Likeliest outcome: Chase Headley-like third baseman
4. Hunter Greene, RHP
Age (as of 4/1/2021): 21
Height/Weight: 6-foot-4, 215 pounds
Acquired: Second pick in the 2017 draft (Notre Dame High School, California)
Highest level: A-ball
Saving grace: Velocity
Fault line: Non-fastball aspects
Scouting report: Greene was a well-regarded two-way prospect in high school, a pitcher and potential first-round-worthy shortstop, which speaks to the kind of athleticism he possesses. What he hasn't had lately is much luck. He missed the 2019 season because of Tommy John surgery, then had the pandemic wipe out his 2020. Greene has elite arm strength, but he needs the reps in order to improve his command and secondary pitches. Hopefully, for his sake, he was able to make progress at the alternate site. We should find out in 2021.
Likeliest outcome: Mid-rotation starter?
5. Tyler Stephenson, C
Age (as of 4/1/2021): 24
Height/Weight: 6-foot-4, 225 pounds
Acquired: No. 11 pick in the 2015 draft (Kennesaw Mountain High School, Georgia)
Highest level: MLB
Saving grace: Power
Fault line: Durability
Scouting report: Stephenson has battled injuries throughout his career, delaying his arrival to the majors until this year. He appeared in eight games, hitting two home runs and recording a .294/.400/.647 slash line. His bat -- specifically his raw power -- is his selling point. Stephenson grades as a below-average framer, according to other teams' internal metrics, with the concern being that his large frame blocks the umpire's sightline. Whatever the case, Stephenson should get a run as a starter so long as he can stay on the field and stay productive in the batter's box.
Likeliest outcome: Regular catcher
Five others to know
- Jose Garcia, SS
Garcia made the leap from High-A to the majors. The results were, predictably, not great. He hit .194/.206/.194 with a 26-to-1 strikeout-to-walk ratio in 68 plate appearances. Ouch. Garcia has the defensive aptitude and the power potential to be a quality two-way contributor in due time.
- Christian Roa, RHP
One of Asa Lacy's rotation mates, Roa has a power pitcher's frame and fastball.
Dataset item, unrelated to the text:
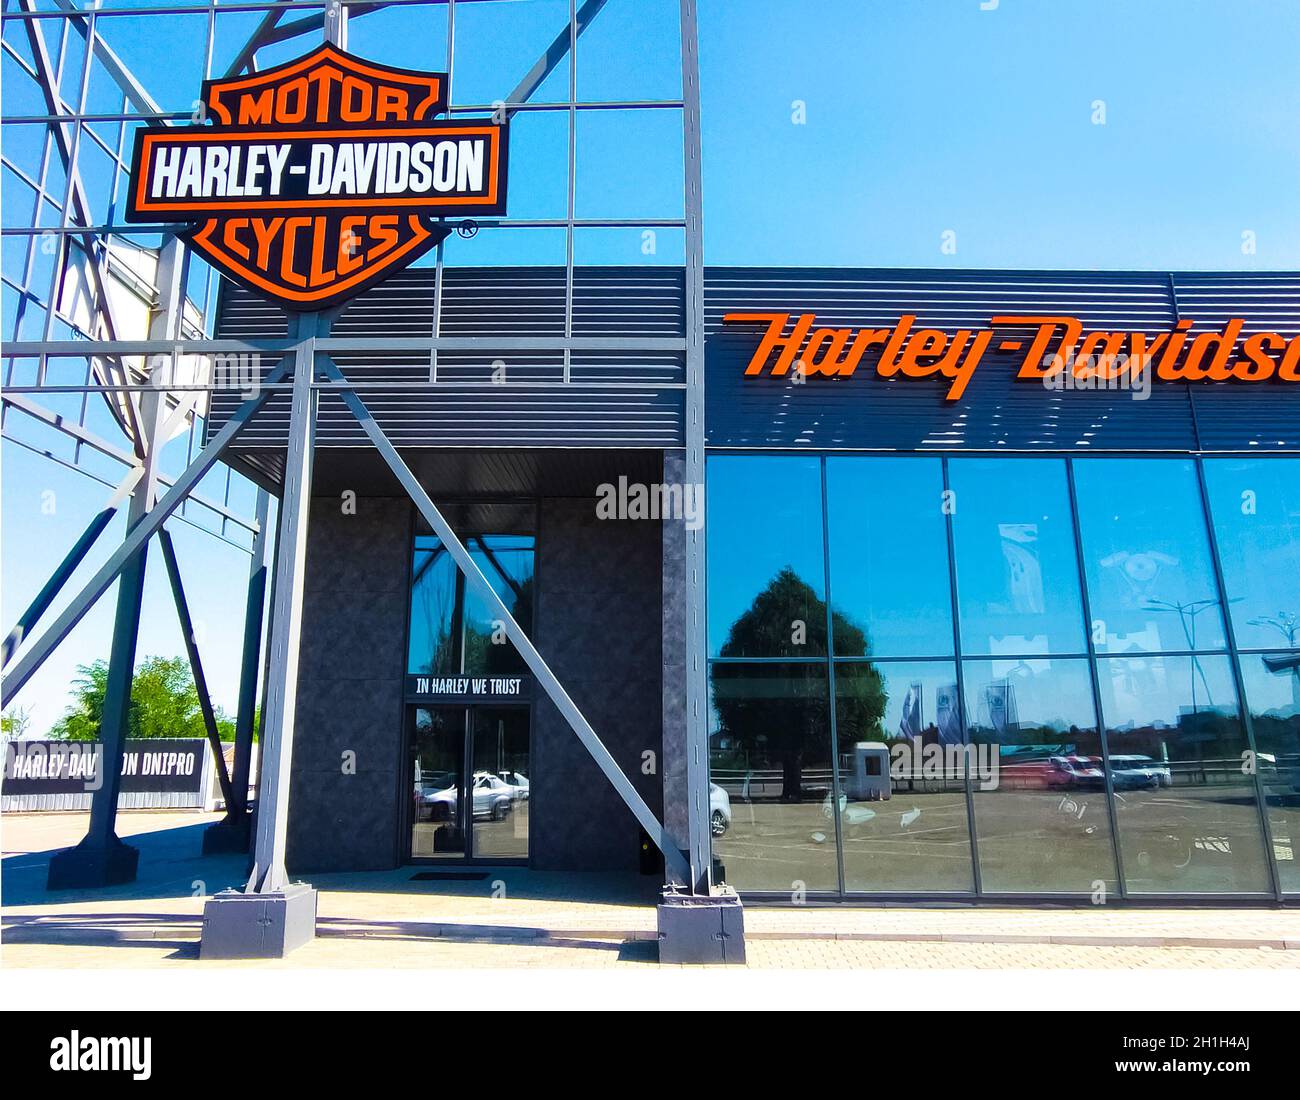 Kiew, Ukraine - 15. August 2020: Harley-Davidson Shop und Büro. Harley-Davidson, oder Harley, ist ein amerikanischer Motorradhersteller, gegründet in Milwa Stockfoto

What he didn't have was a great junior year: he permitted more than a home run and more than four walks per nine innings. The Reds took him in the second round with an eye on getting more from him.
- Riley O'Brien, RHP
O'Brien came over in a midseason trade from the Rays. He's a lanky right-hander who has improved his velocity on his fastball and breaking ball in recent years. O'Brien's changeup and command still need work, and could force him into a relief role sooner than later. The Reds will presumably give their development staff most of the year to see what they can do.
- Rece Hinds, 3B
The Reds popped Hinds in the second round in 2019 based on his boom-or-bust potential. He has enormous raw power, but it's unclear if he'll make enough contact for it to matter. It's also unclear if he'll remain at third base for the long haul, or if he'll be forced to first or the outfield.
- Tony Santillan, RHP
The last time we saw Santillan, he had an underwhelming 2019 that included wildness and multiple trips to the injured list because of arm issues. Ruh roh. Either and/or both of those factors could force him into the bullpen instead of a spot at the back of a rotation.